Not surprisingly, the thing I've run up against now is gffutils disliking a line in the LIS annotation GFF I'm loading. Shocking, I know. There are lots of options for the loader to deal with stuff it doesn't like, so I'll get going on that Monday, and then code index append mode and then it should be good to go. I'll test it against all the GFFs I load into the mines, since I expect more complaints to be forthcoming. LIS datastore files are a wonderfully diverse community.

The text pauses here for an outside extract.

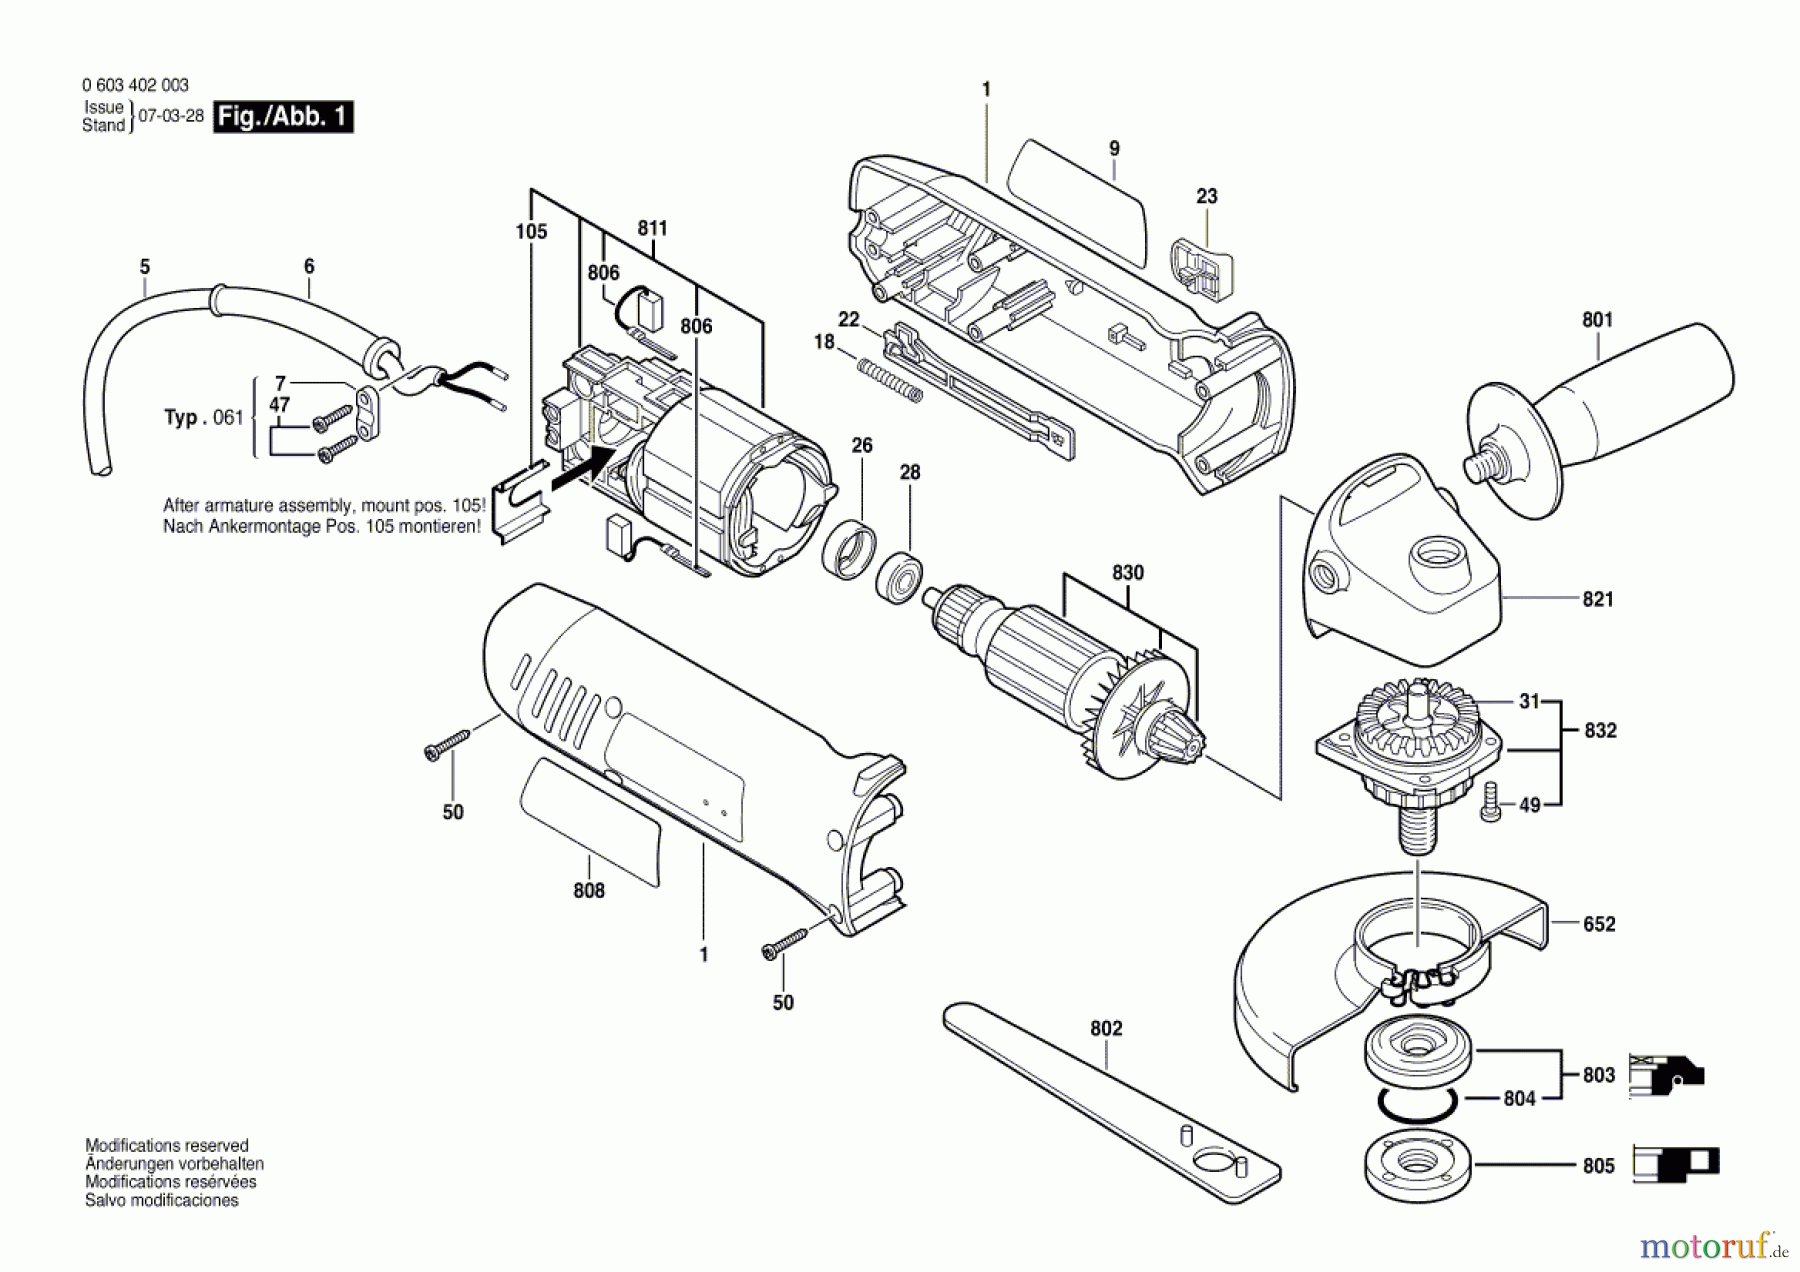  Bosch Werkzeug Winkelschleifer PWS 720 Seite 1

sammyjava commented 3 years ago

FYI, one can use ':memory:' as the filename to store the gffutils SQLLite database in memory.

alancleary commented 3 years ago

FYI, one can use ':memory:' as the filename to store the gffutils SQLLite database in memory.

For now I think it would be safer to just use SQLLite files on disk. In the future, though, it would be interesting to benchmark disk-based files vs in-memory when bulk loading a collection of GFFs. If there's a significance speed-up with in-memory then we could add a command-line flag to let users with sufficient memory use the feature.